I thought of the two of you today... last evening I sat down a wrote you both a card. I hope it arrives for you and Ben to read together on your anniversary. It will be the card with the photo stamp (we still have some left over from our wedding thank yous - last year) :) Now you'll know what my husband and I look like as you read our card. :) I will be praying for your strengh tonight & for you and Ben to continue to grow in God's love, as well as keeping Ben positive on so much he has acomplished in the last year, even months! So many people around the world are rooting for you BEN! <3 Erica (THE MEYER'S)

LaDonna Rae said...

Ohh you do my heart good, like medicine...I see you post things like this:
Strength to endure. Ben and I were talking about how God is continuing to heal Ben and Ben said, "it is taking to long!"
-God's perfect timing for many things
-I am dealing with jealousy as to what people have now and what we don't...sometimes it is longings and some times jealousy....heart needs to be softened!

...It makes me realize that while my situation is so much different/ nothing alike...

but we have a wonderful Heavenly Father thats sees us right where we are at....

...that we all have those "..but God, its taking to long feelings/ thoughts

I have to remind myself also that God's timing is perfect...

..and yea I hear on the jealously thing too...its so easy to look at others and say why can't I have that...that's what I want..I get that too...

Praying for you both...

Unknown said...

Although the battles that we have fought are so different, I hope I can share some encouragement with you. During our nearly four year adoption ordeal, I can't even begin to tell you about the innumerable times that I struggled with resentment, jealousy, frustration and anger toward God (and truthfully, I'm likely to continue to deal with these emotions as we embark on the real work of parenting our little ones). My times of waiting for God to move mountains on behalf of our family felt so hurtful and discouraging. And yet, He is SOOOO faithful, so steadfast, and so preeminent over all your circumstances. God understands when you are discouraged. He knows that your jealousy and frustration are all a part of the journey that He has been bringing you through - and He will bring you through because He IS, and always has been, and always will be, a God who moves mountains! Much love and prayers for you and Ben! - Sara Edwards

Paula Smith said...

Katie....don't look at it as a jealous feeling, just look at it as a yearning for what was and is yet to come again!
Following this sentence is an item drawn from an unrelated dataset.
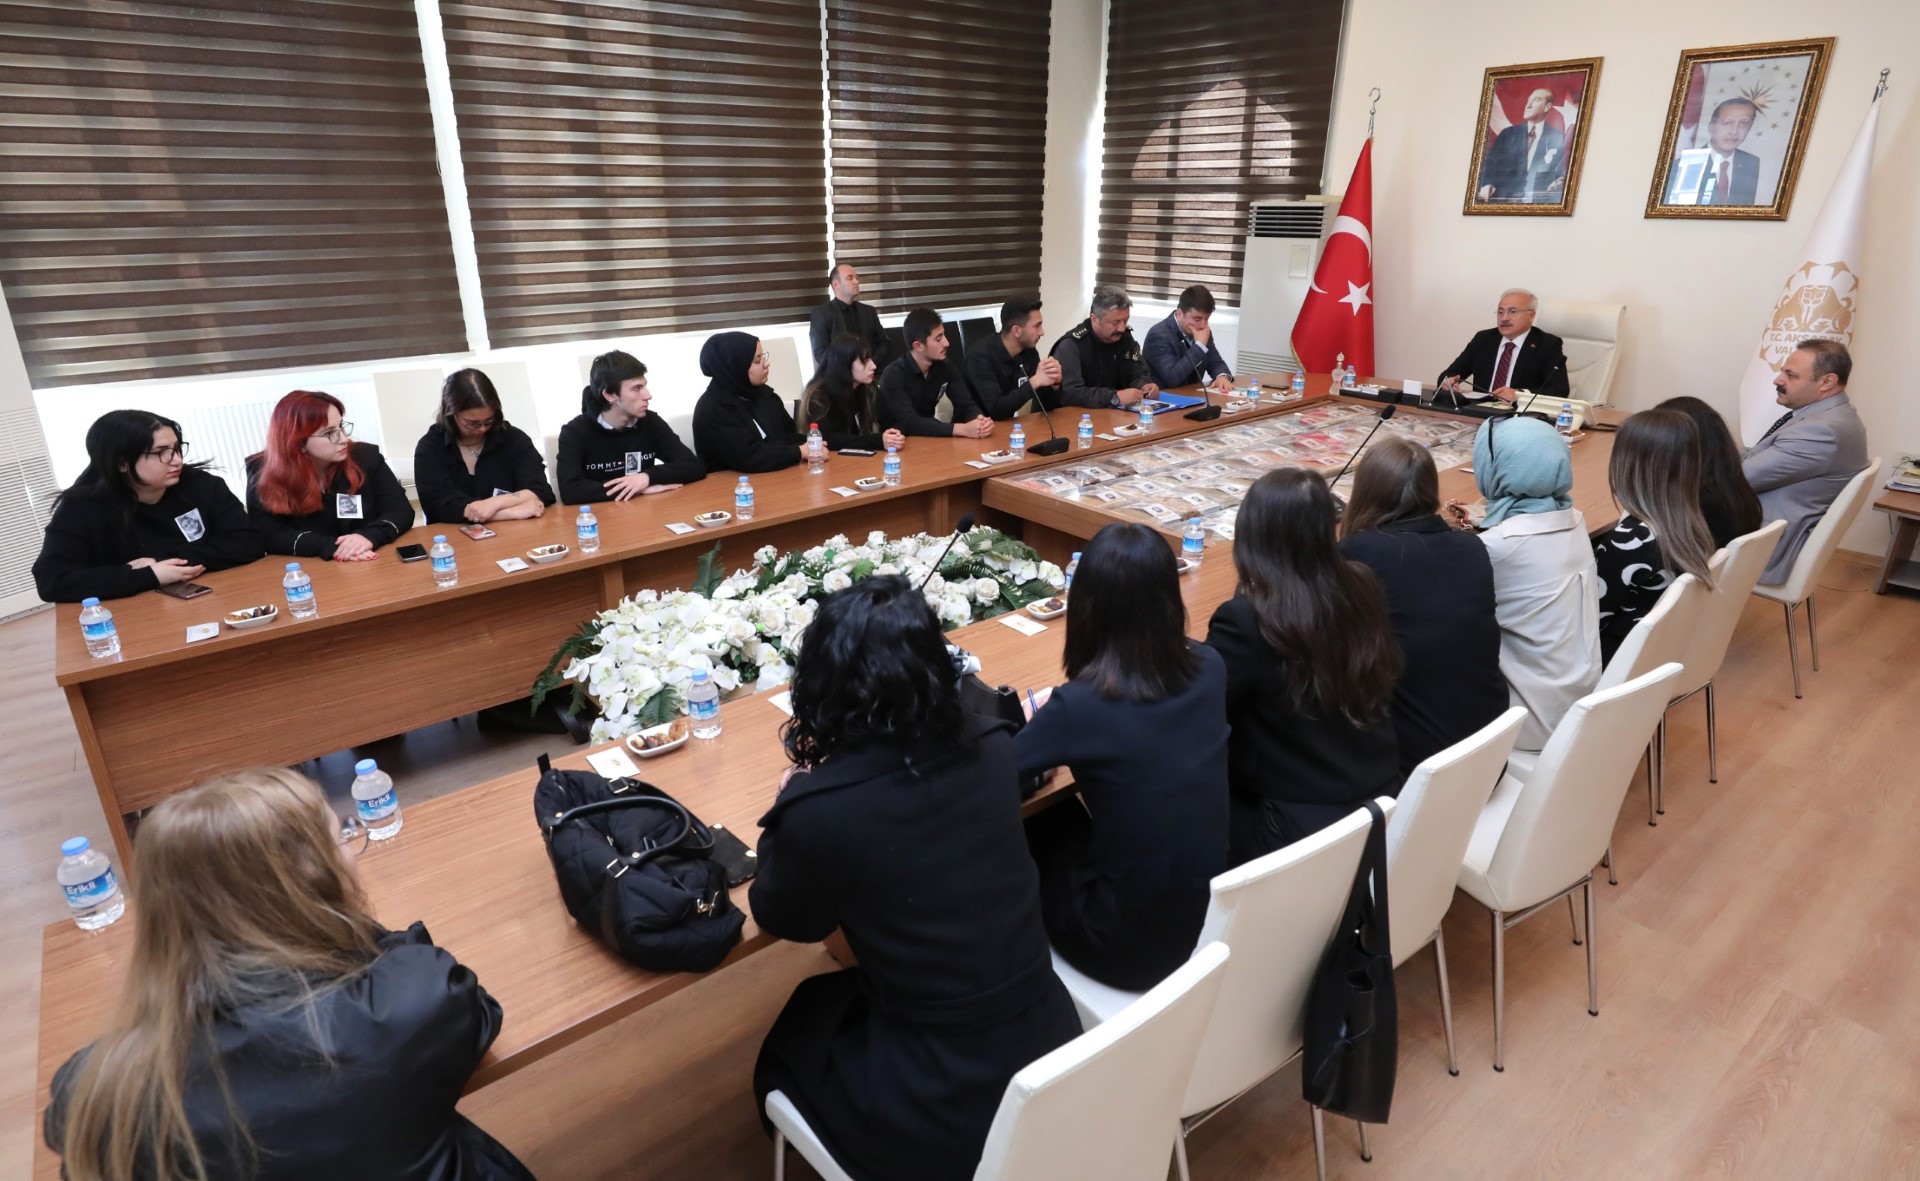 Aksaray Protokolü KYK yurtlarında kalan öğrenci temsilcilerini kabul etti

You are a lovely, compationate and caring person...you're smile lights up a room and your heart is full of love. No worries dear friend.......just trust in the Lord..........he WILL direct your path and see you through. I know it's been a long haul, but you are in control of your emotions.....and think..... yes, think...how you can glorify the Lord in this situation. Sending love and prayers to both you and Ben.

Lindsey said...

Will be praying specifically for what you desire. I know that when we speak things out that aren't as though they are God hears us. Begin envisioning these things to take place as you pray for them. May God's peace be with you as you continue on this long and hard road.

Anonymous said...

Praying for you. Too bad you weren't in CA, I'd love to meet you, I'm sure we would be good friends. God's timing is perfect, even if it seems like it's taking long, in the end, it'll be so worth it! Keep giving your frustrations over to him (as I know you are) God is able to take all we dish out at him. ;) <3 Praying for you today... Rachel Tibbs

Unknown said...

I can't wait to see Ben's big smile too! You are so hard at work, and so devoted... you are amazing! We love you guys!

Anonymous said...

You will get your smilel, Katie, and so much more, of that I am confidant. I love my fiance's smile more than any other physical feature so I understand your wanting Ben's back! But don't get discouraged, it will come.
I feel so sorry for Ben that he says God is takig too long. I can't imagine not being able to do all the things I want and need to. I will praying for Ben that God will show him something good that has come of this waiting on the Lord.

Jim Volstad said...

What is the status with your insurance? The reason I asked is that I have the same problem with my insurance, State Farm.